Mother nature is in there too. You can’t have the masculine, without the feminine counterpart. Life isn’t created singularly…….it takes two, doncha know.
I loved humanitarians……and reveled in their words. I saw Jesus as a humanitarian and a valid person to be revered. I heard his words and respected his kindness and loving nature of all living beings. I wanted to work towards emulating his love of all people, although I fall short most of the time. But, there is good in the trying, no?
But I felt like I would have to claim Christianity, in order to follow his teachings.
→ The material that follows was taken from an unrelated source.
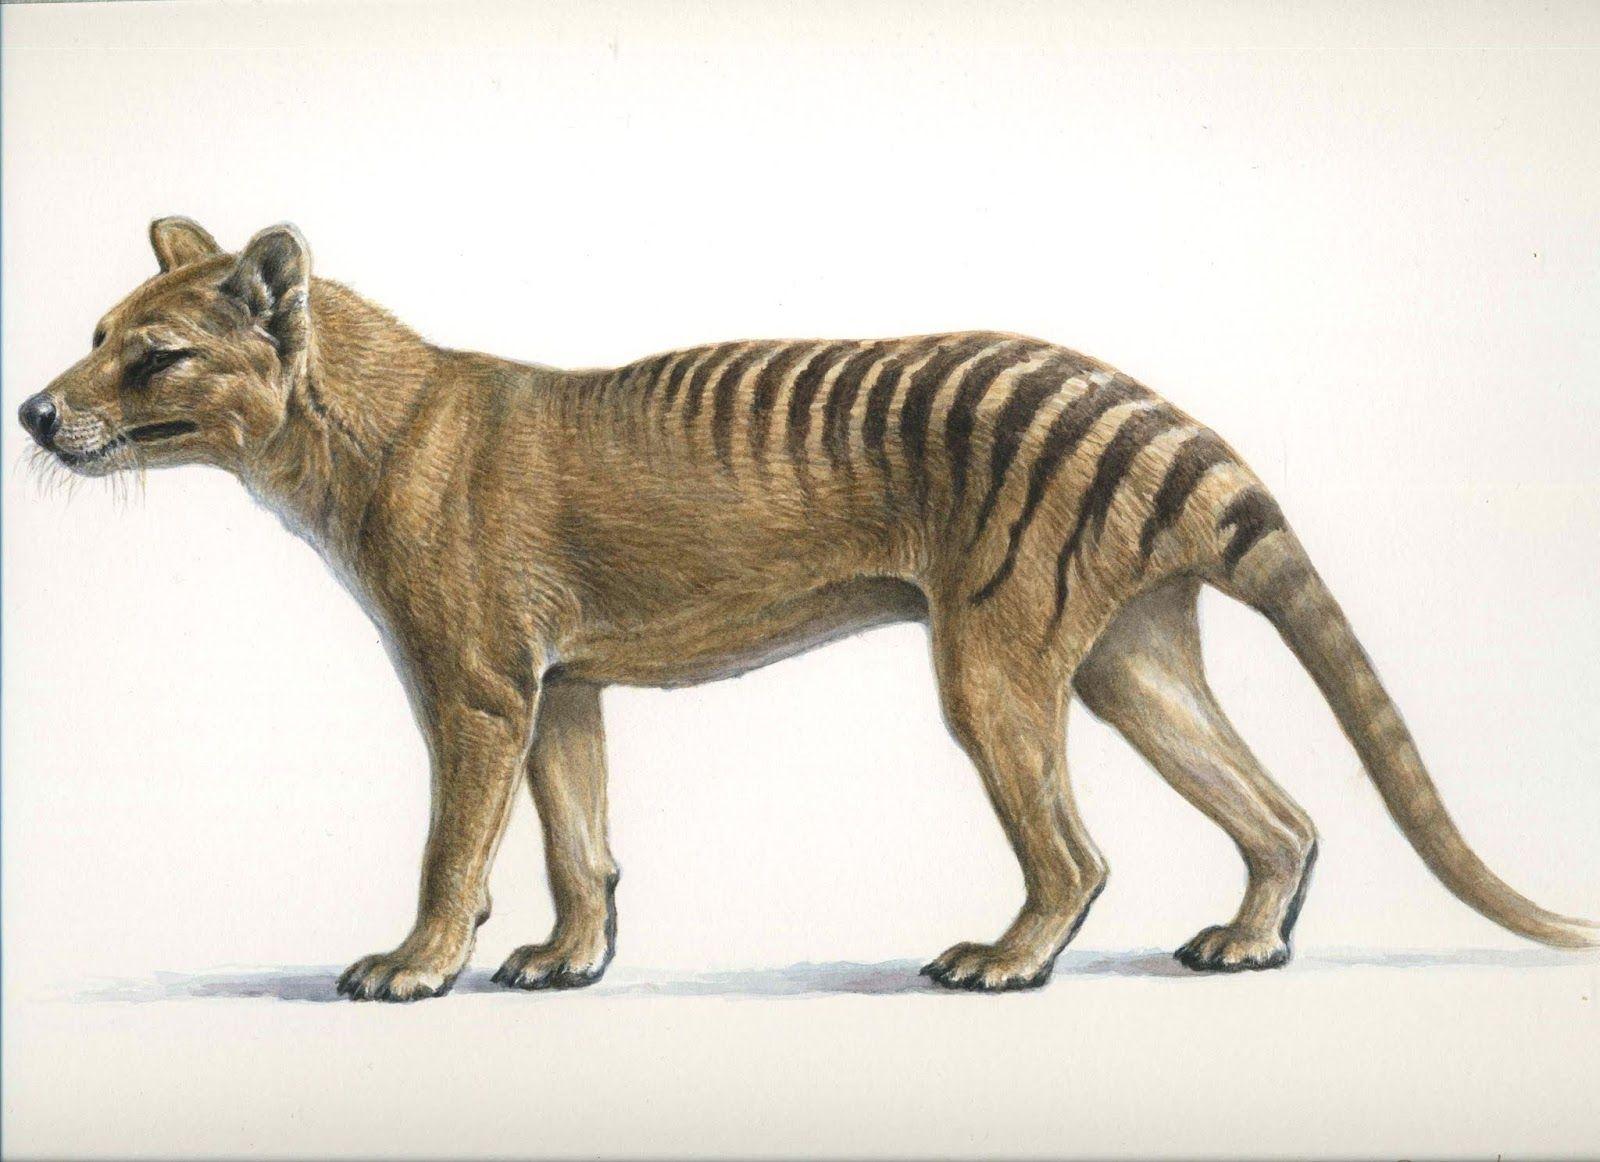 Thylacine Or Tasmanian Tiger The Adventure Of A Study In 2020 Thylacine Tasmanian Tiger Nearly Extinct Animals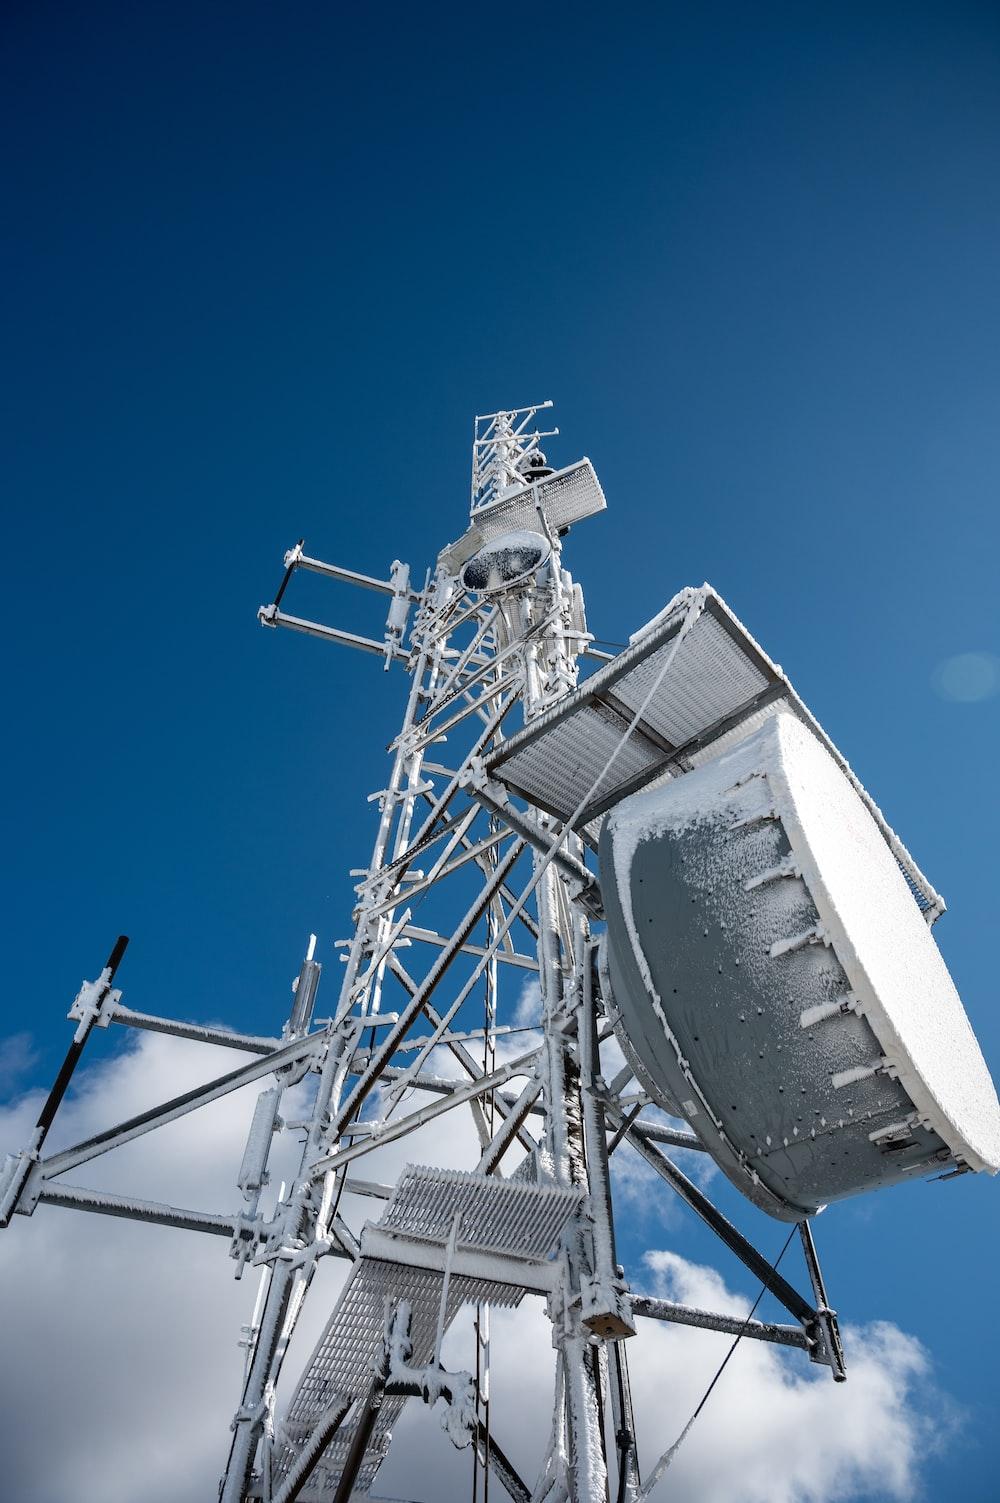 white and gray satellite under blue sky during daytime

Like he was forbidden to me, unless I followed the ways of either branches of my family.
Today, I was at Cathedral of the Rockies (COTR), peddling papers for the community, and listening to Pastor Duane Anders’ service and message on ‘Faith and Atheism’. He spoke of Gandhi….and his messages of peace, love and Jesus. One of these messages ended in something like….”Jesus is for all of us, not just some of us.” No matter what you believe in, you can believe in his compassion and claim him.
That had such a profound meaning for me. There was no absolutes or veiled threats, just …..appreciating a fellow soul that lived long ago, but had such a sincere existence….that we still talk of him today.
I didn’t mean for this to turn into a religious convo……it’s not, really. It’s more of…..we need to find a way to bring humanity back together again. Humanitarians aren’t copyrighted. Their words are not meant only for the most righteous among us. Church is not a country club, that excludes undesirables.
I have a saying that I’ve loved from the first time I’ve said it. Sometimes, my brain thinks of clever things….and I’m wont in reusing them. So let me say them, again, for the record: “God did not create borders, man did.”
When you hear of far off wars, genocide, starvation, natural disasters, water deserts, slavery, apartheid, bigotry, anti-Semitism, violations of human or civil rights……please remember this– these are not foreign people that these atrocities are happening to, but OUR PEOPLE.
This whole planet, on every land mass, in every color, every religion…..every ethnicity…..OUR PEOPLE.
A slight to any fellow human being, is a slight to all of us. God…..whatever name you know him by, made us all…..in his image.
The mistake is not in the diversity of his/her creations, the mistake is how we interpret it. How we twist words to alienate and promote hate. How the deaths of certain people are acceptable, but others….intolerable.
Americans purchased over 5.5 million guns in the first half of 2024……and I doubt there will be as many hunting licenses issued for deer season. Many of these guns are only used for one purpose…..killing other humans.
What is the answer? Is it…..finding a church? Sure…..if that is your inclination. However, I’m going to keep searching for words from humanitarians that understand/understood that all life is sacred.
I can now say, with relief, that my daughter is ‘with God’. Whether he has a halo or horns…..he sends forth his messengers in the most unlikely of packages. I’ll search for their words, clutch them to my bosom and hope the rest of the world finds them too.